> **Aim of the exercise**:
A word-for-word copy of the data is what's wanted; pictures stay out of it.

> **Recorded information**:
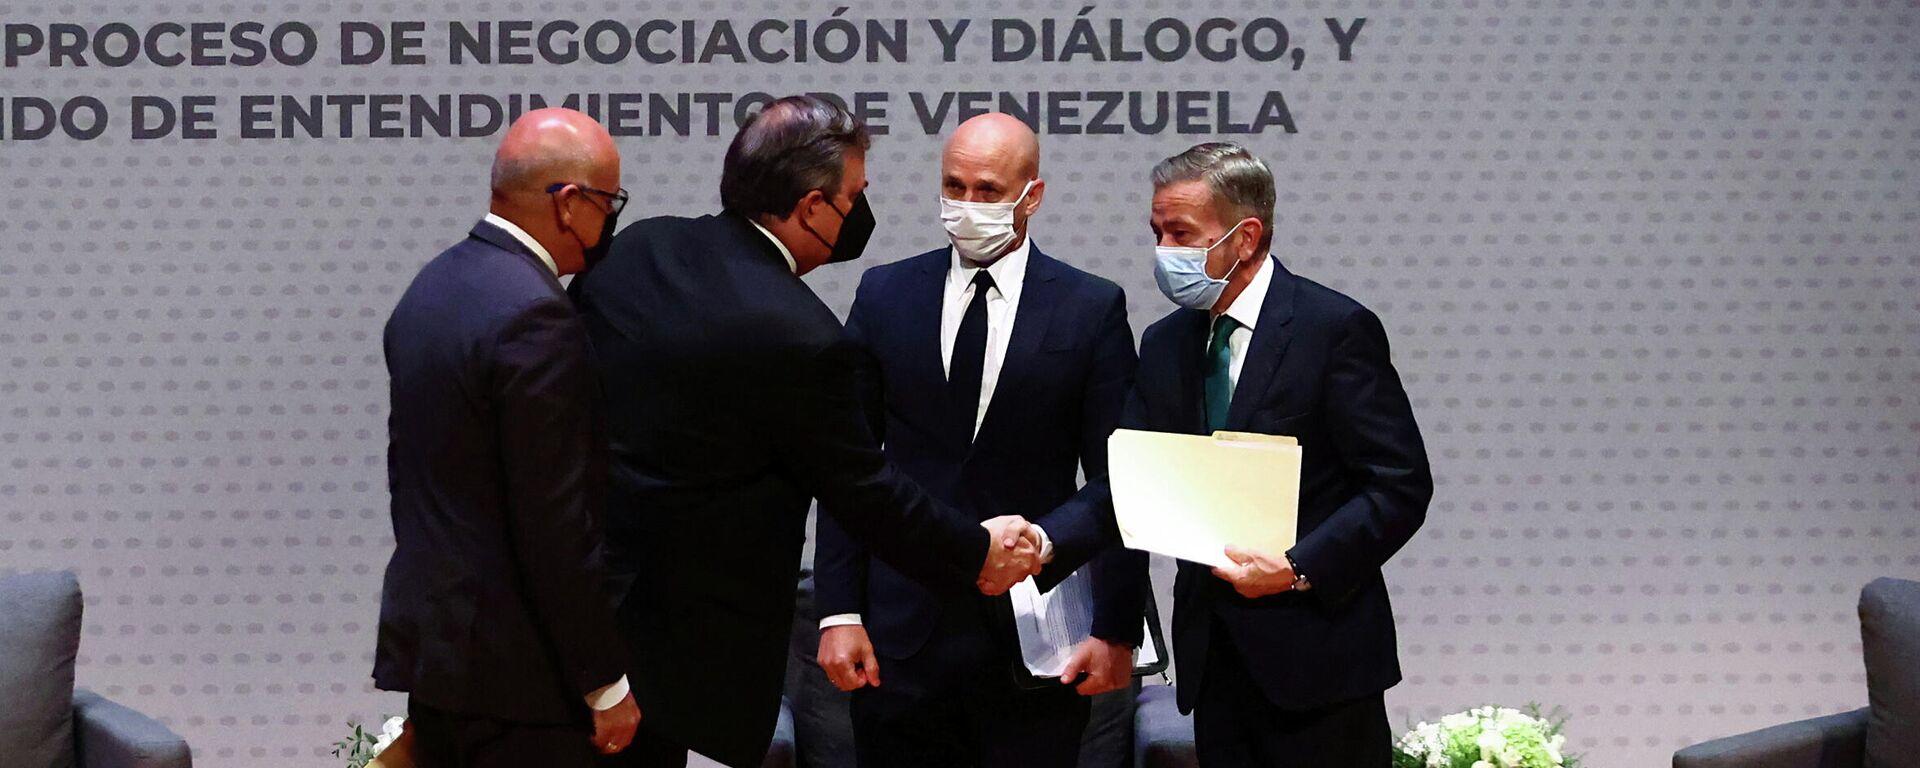 Representantes de Gobierno y oposición de Venezuela firman memorando de entendimiento - Sputnik Mundo, 1920, 23.08.2021
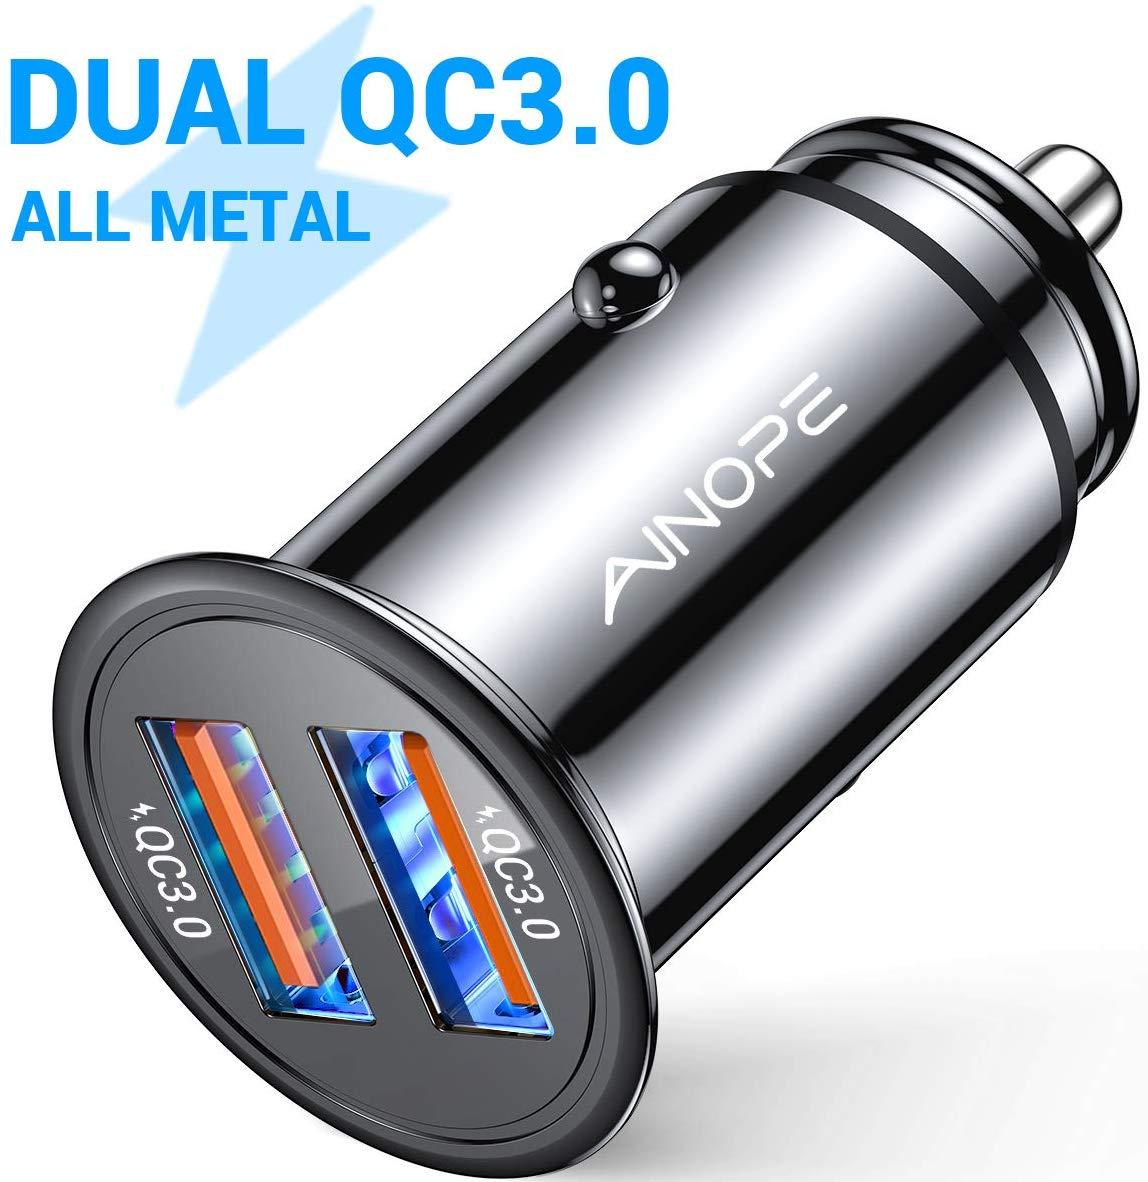 AINOPE mini metal dual QC3.0 USB car charger 36W/6A - $7.44 + FSSS
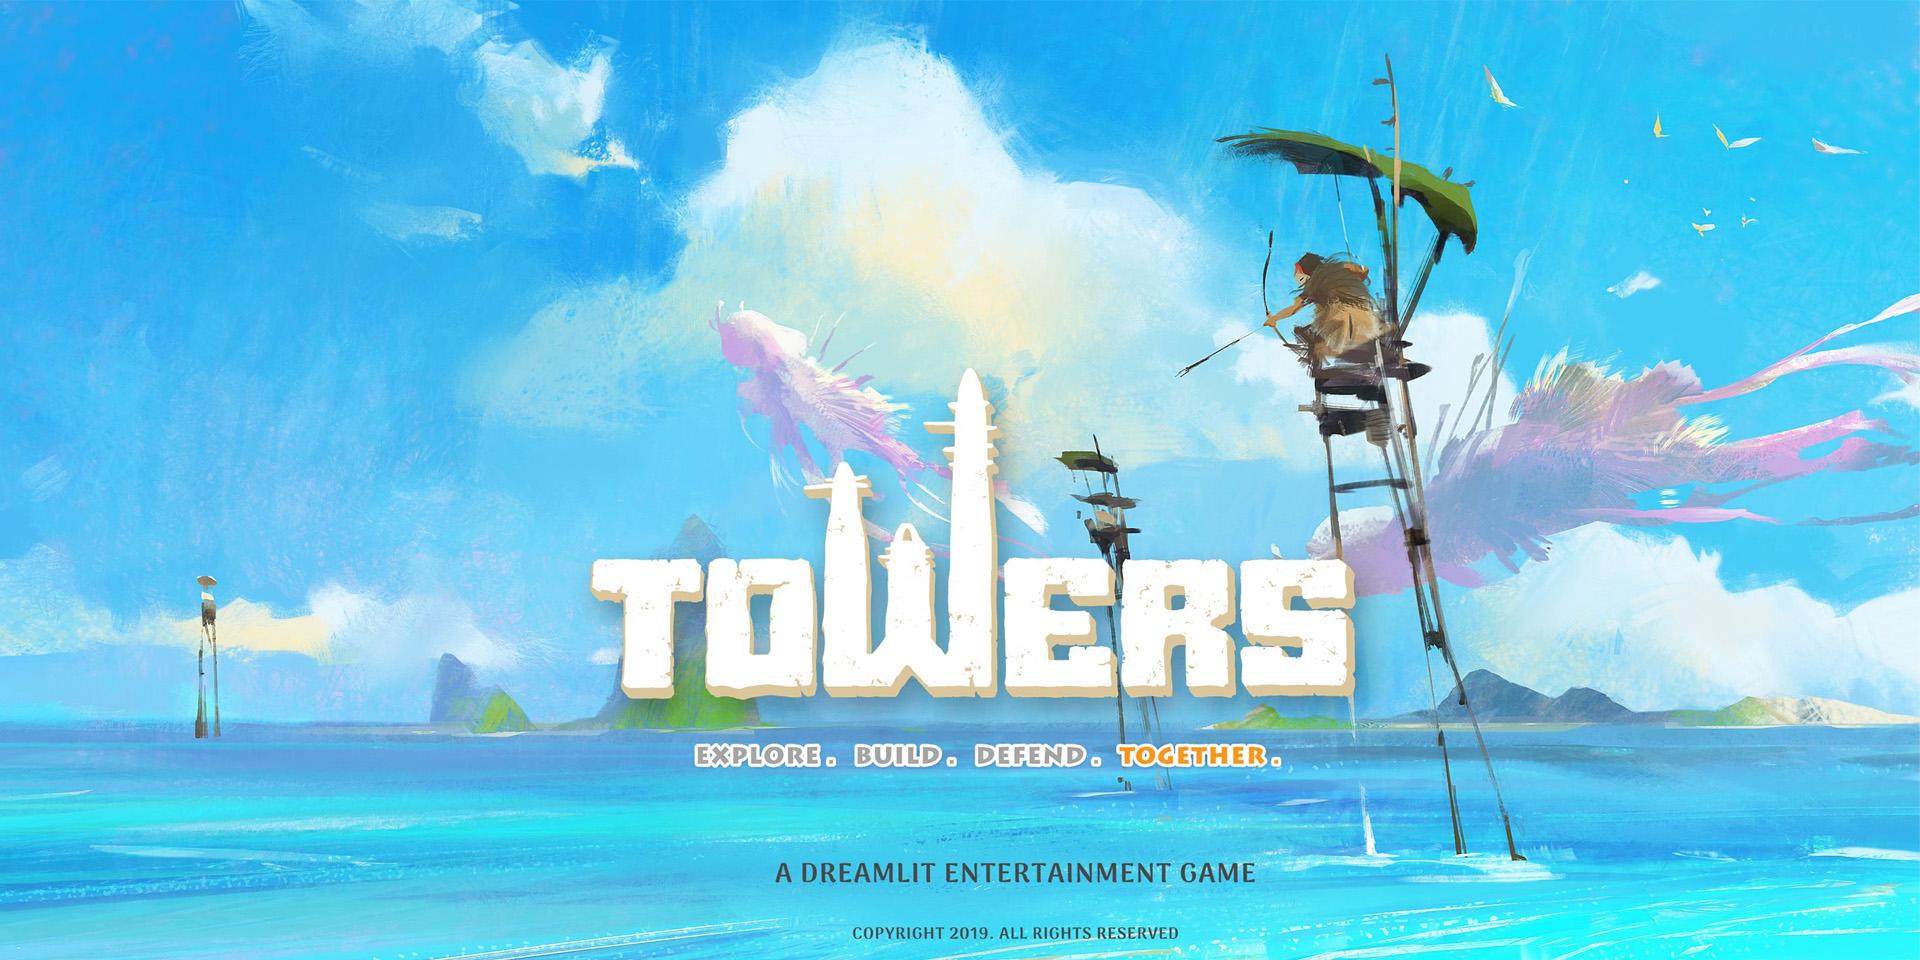 MMO-индустрия: Towers: Исследуйте. Стройте. Защищайте. Вместе

> **Result**:
 Representantes de Gobierno y oposición de Venezuela firman memorando de entendimiento - Sputnik Mundo, 1920, 23.08.2021
 AINOPE mini metal dual QC3.0 USB car charger 36W/6A - $7.44 + FSSS
 MMO-индустрия: Towers: Исследуйте. Стройте. Защищайте. Вместе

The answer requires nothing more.